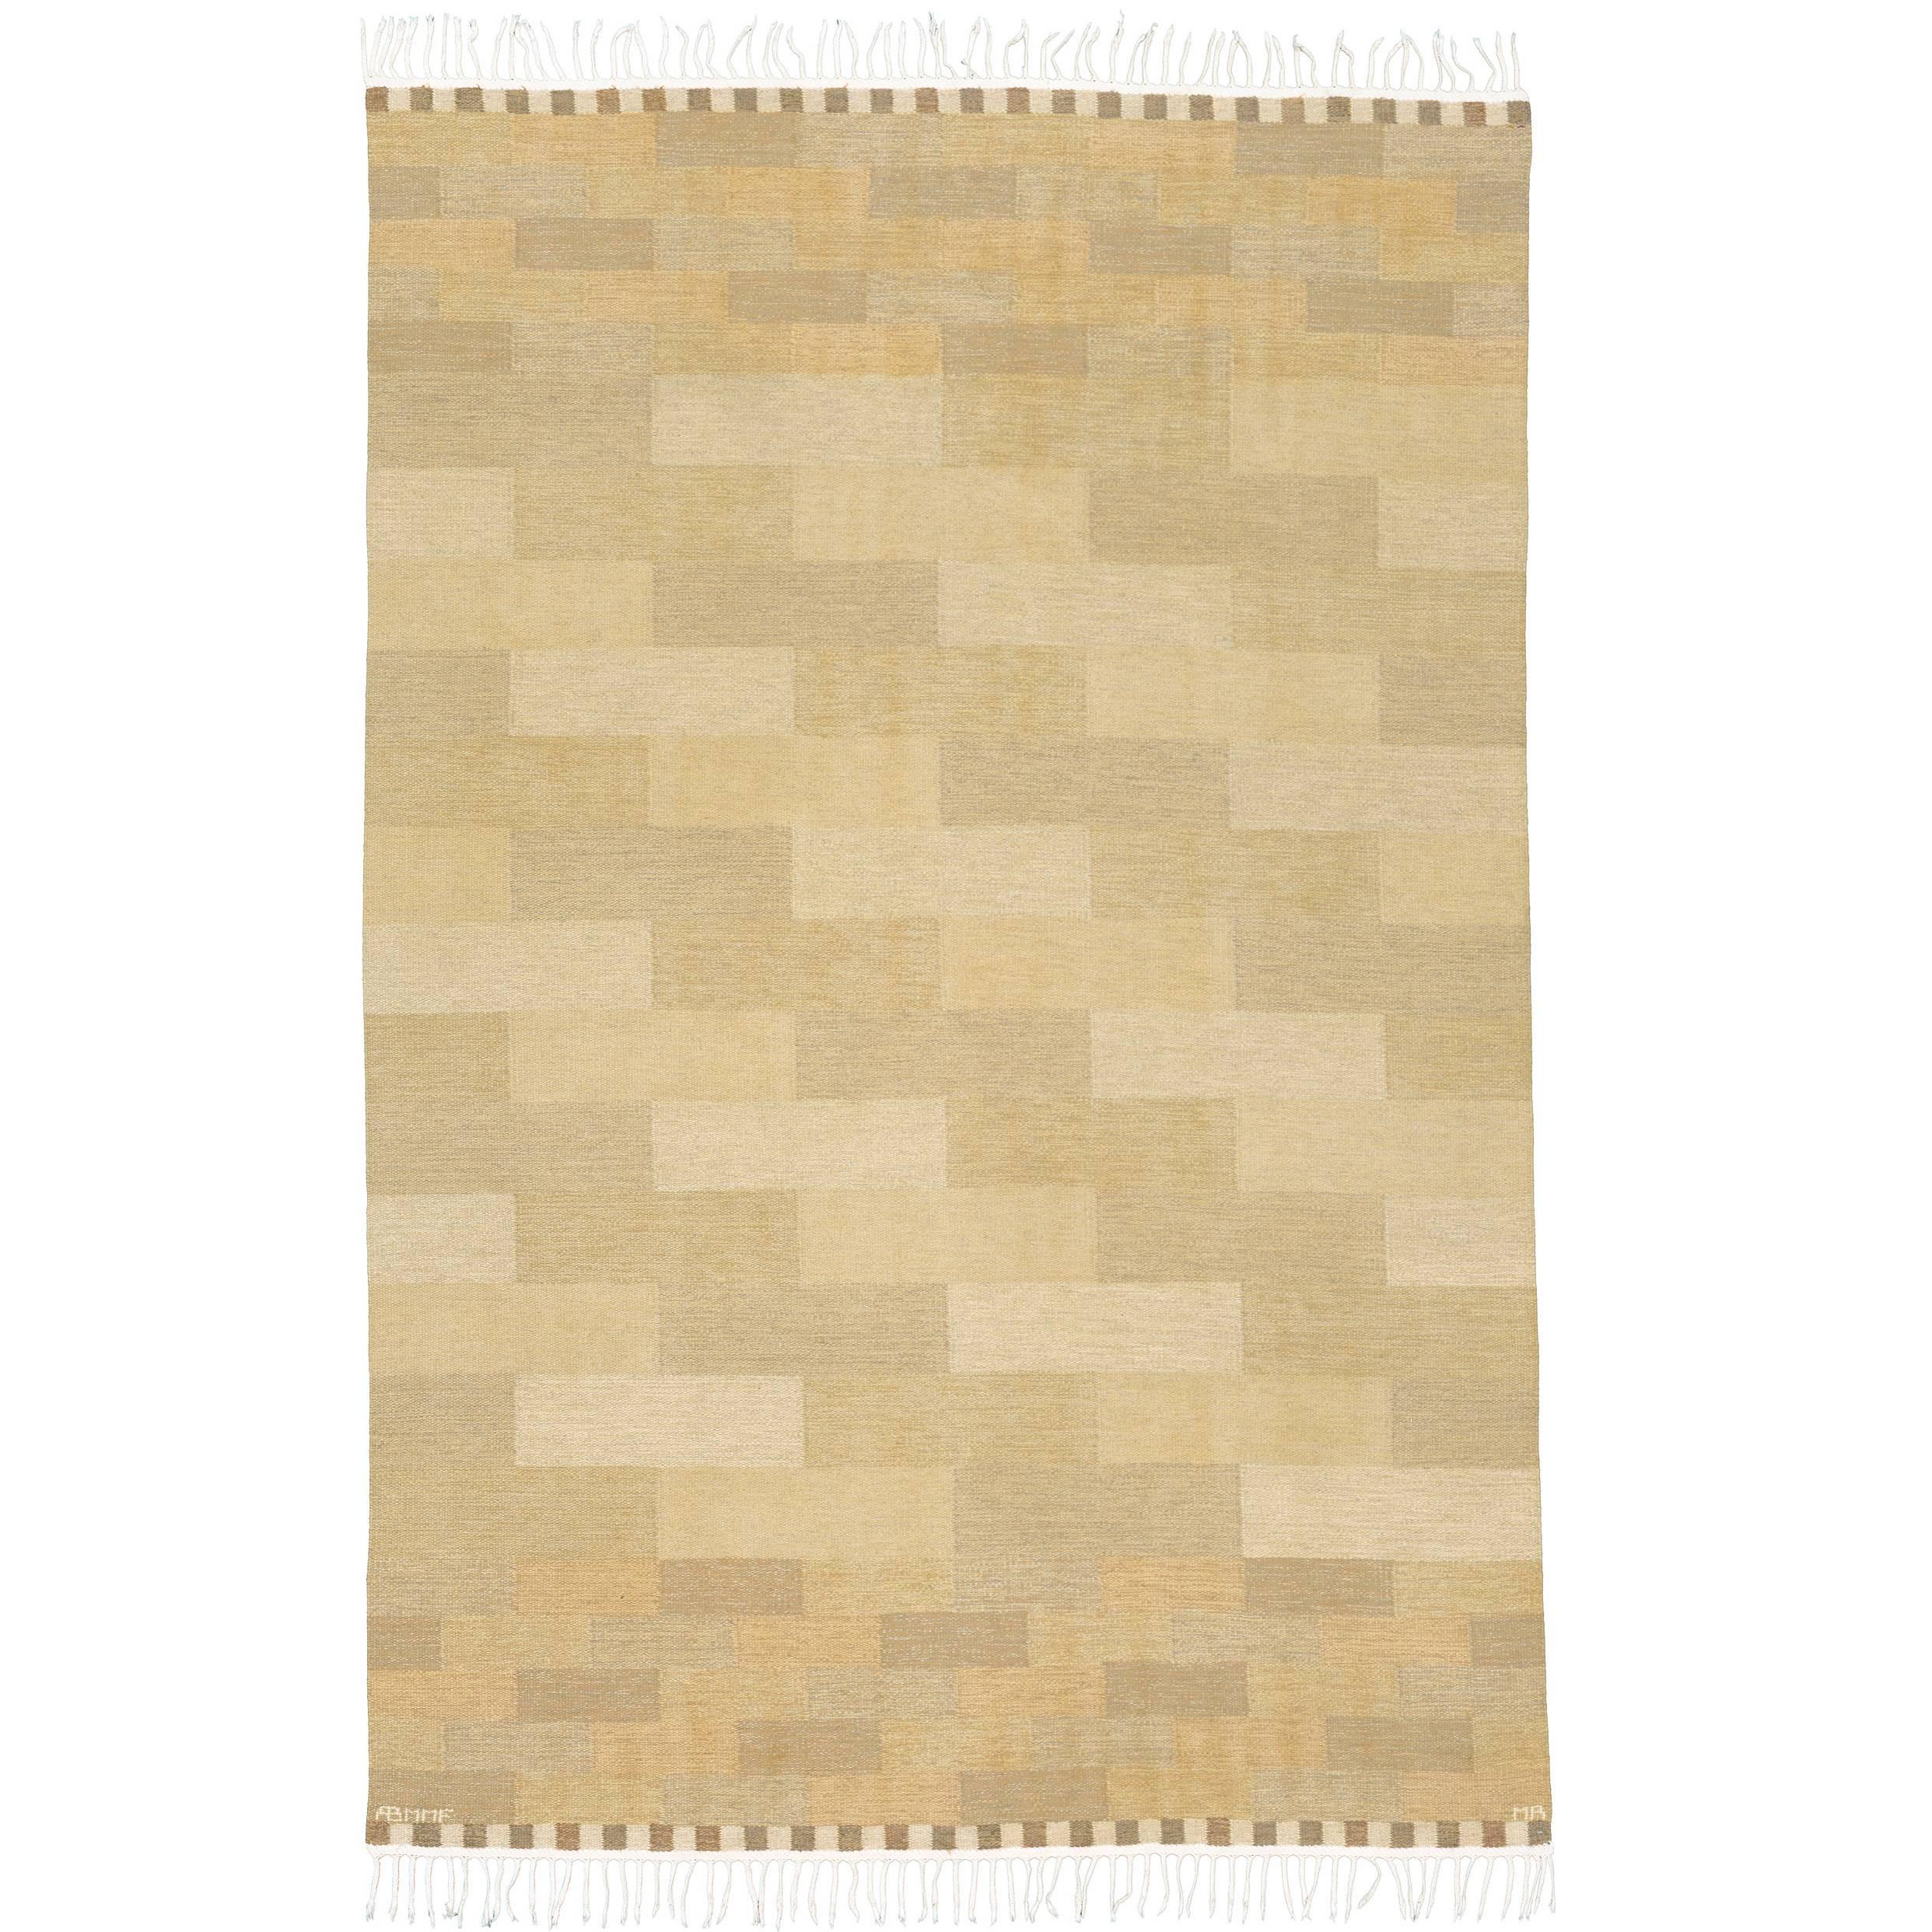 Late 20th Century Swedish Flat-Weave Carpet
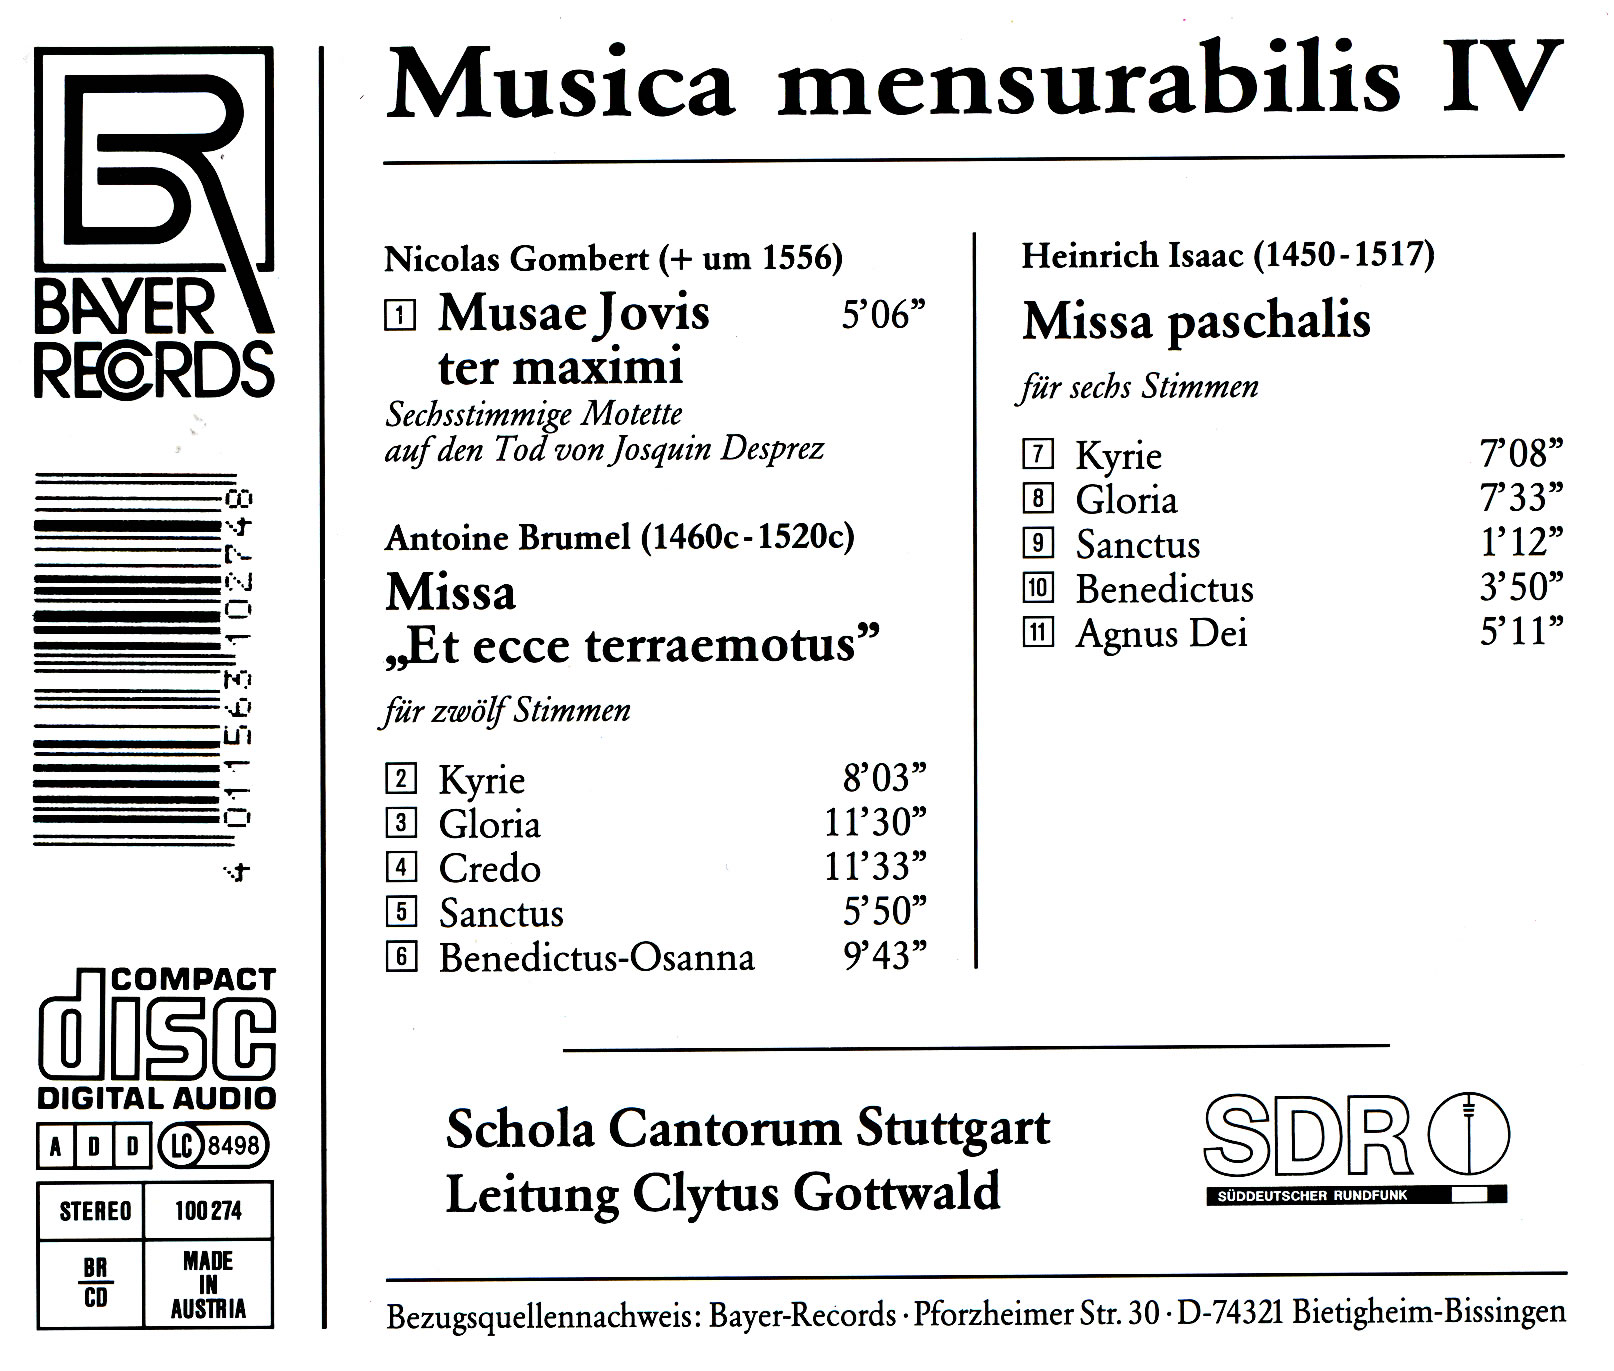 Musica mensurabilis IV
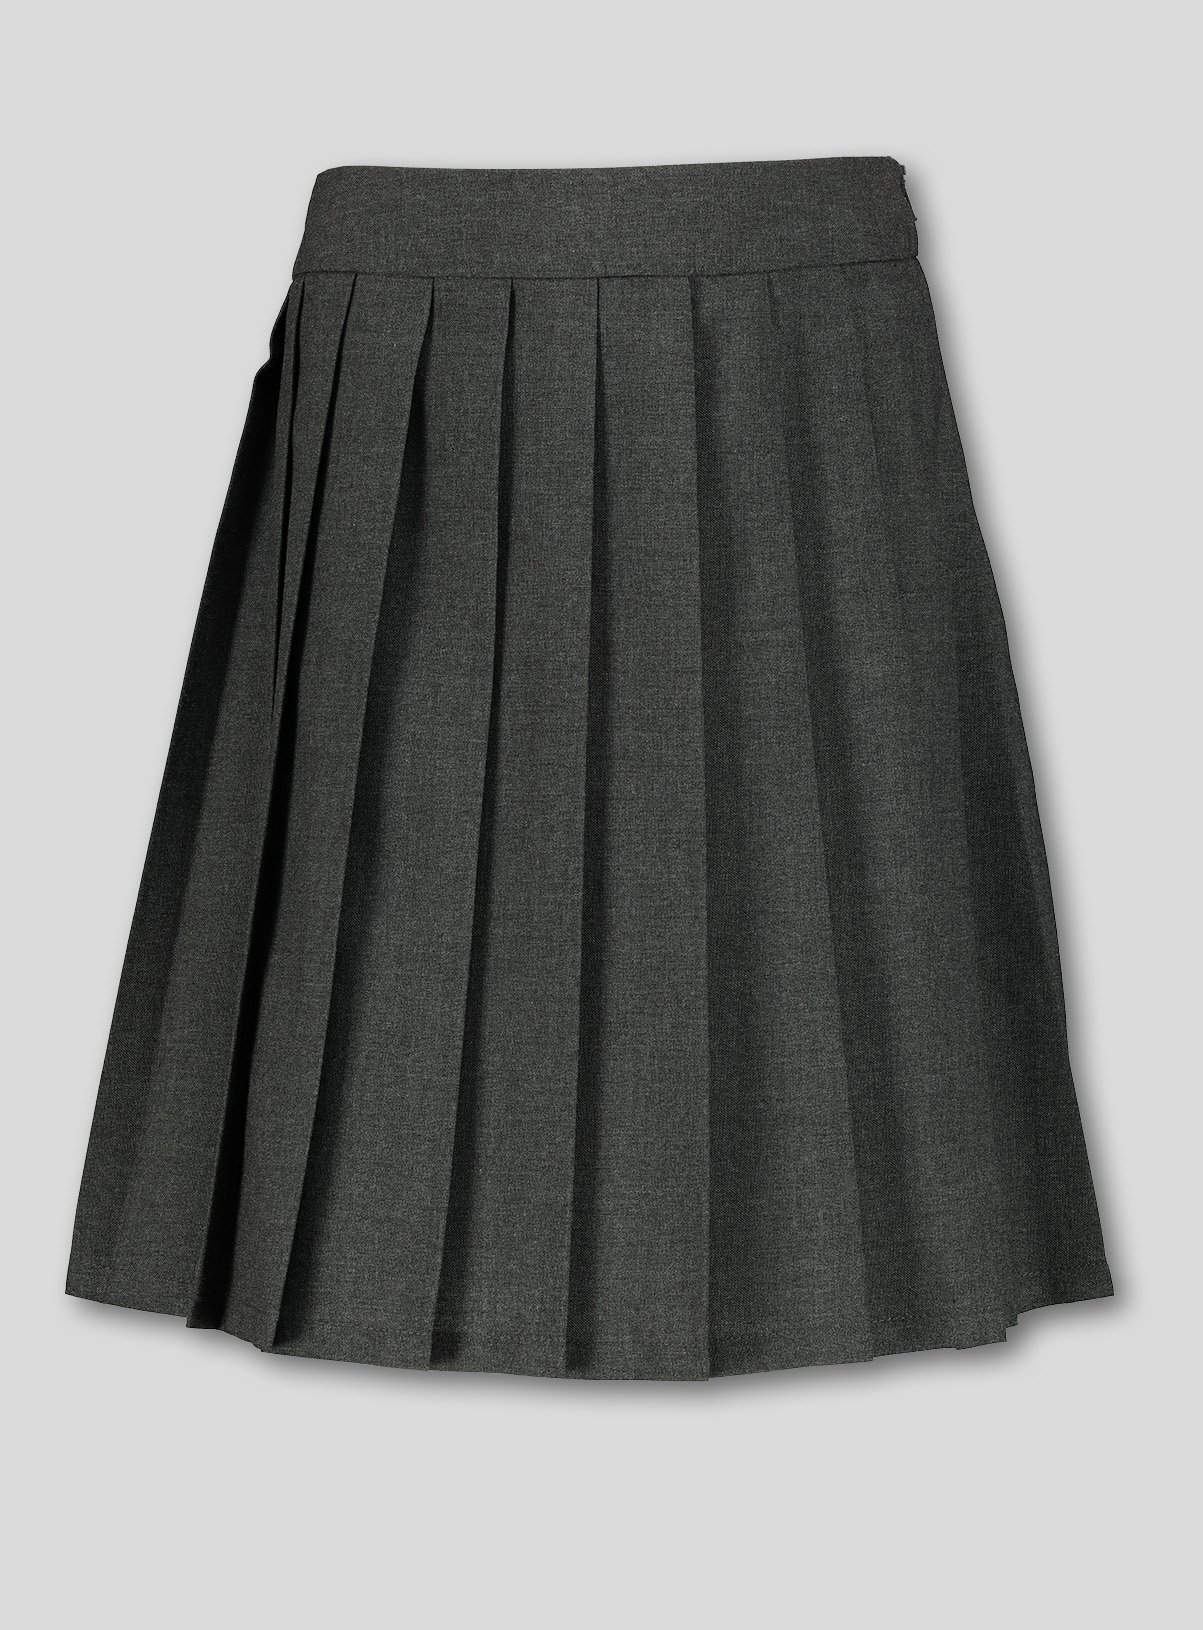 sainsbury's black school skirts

※ ※ ※

Retype the data exactly as it stands, but keep the images out of your copy.

 Late 20th Century Swedish Flat-Weave Carpet
 Musica mensurabilis IV
 sainsbury's black school skirts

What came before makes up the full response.